Barnard Gratz (1738 – 20 April 1801) was an American merchant and one of the founders of the Jewish community of Philadelphia.

==Early life==
Barnard Gratz was born Issachar Ber in 1738 in Langendorf, Upper Silesia, Prussia (today Wielowieś, Poland). Barnard and his brother Michael were the two youngest of six children. In the 1740s, Barnard's parents Shlomo Zalman Gratz and his wife died, leaving Barnard and Michael to be raised by their older siblings. Due to decreased economic opportunities for Jews in the region, members of the extended family left Langendorf for Western Europe. Solomon Henry, Barnard's cousin, moved to London in the 1740s and set up a mercantile business. Gratz left Langendorf himself in 1748, traveling through Holland to get to London. When Gratz arrived in London in 1750, began working for his cousin's business.

==Coming to America==
Solomon Henry kept in correspondence with a Jewish trader in Philadelphia named David Franks, the co-owner of trading company Levy & Franks. Solomon's brother Jacob Henry worked as a clerk for Franks at Levy & Franks. When Jacob had earned enough to start a business of his own, Solomon arranged with David Franks for Barnard to take over Jacob's job as his clerk.

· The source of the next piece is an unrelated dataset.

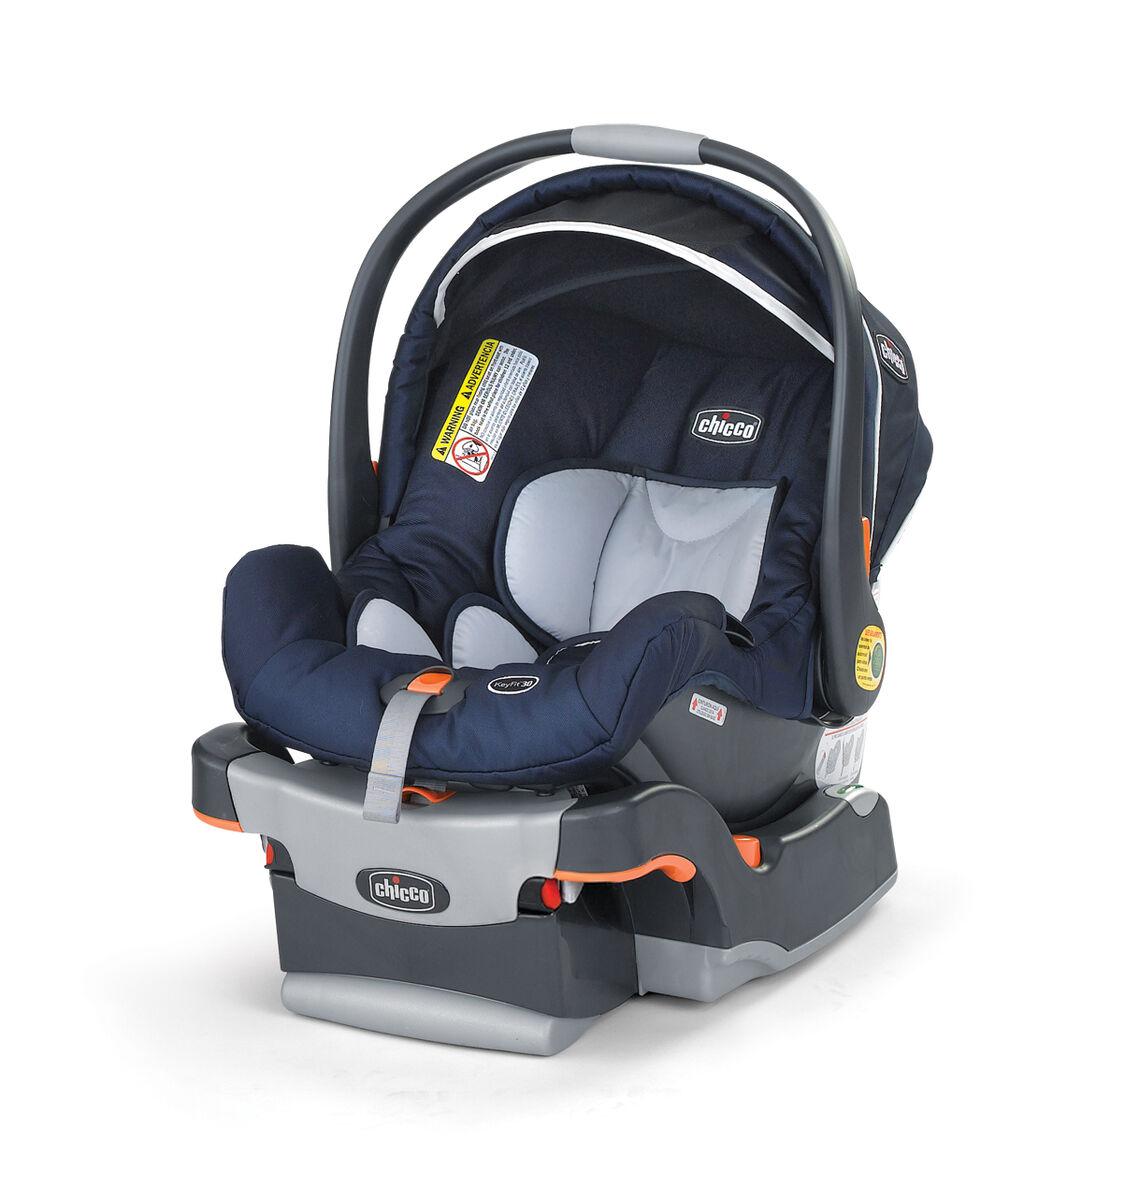 Keyfit 30 infant car seat base pegasokeyfit 30 infant car seat base pegaso
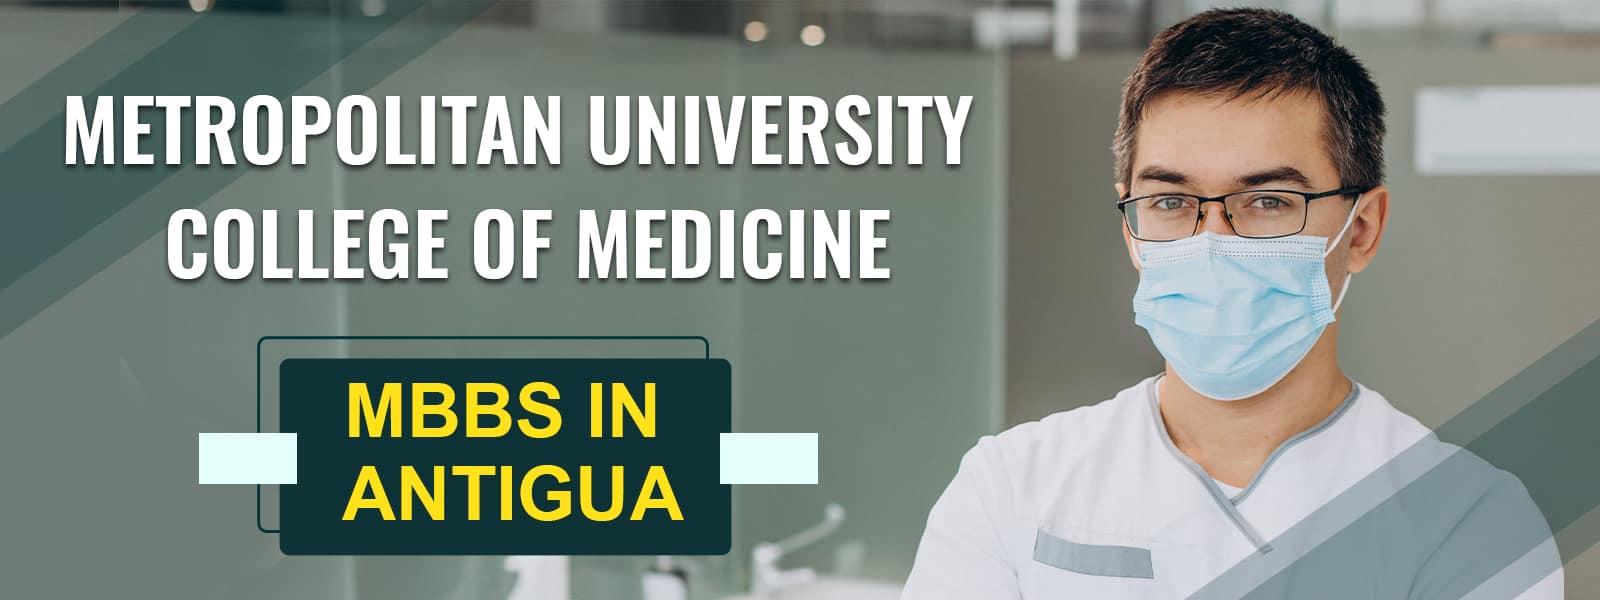 Metropolitan University College of Medicine Antigua

Gratz arrived in Philadelphia in 1754 and worked as a clerk for Franks for five years. In 1759 Gratz started his own business in Philadelphia and convinced his brother Michael to join him in North America. The Gratz brothers built a local business called B & M Gratz in 1768 and worked closely with Franks, the Henry's in London, and Joseph Simon in Lancaster.

However, one of their most important business partnerships was with George Croghan and William Trent, fur traders who traded with indigenous peoples in the western part of the Province of Pennsylvania.

During the American Revolution, Gratz supported the cause of the American colonists. Gratz signed on to Non-importation agreements in Philadelphia in 1765 and took an Oath of Allegiance to the Commonwealth of Pennsylvania in 1777.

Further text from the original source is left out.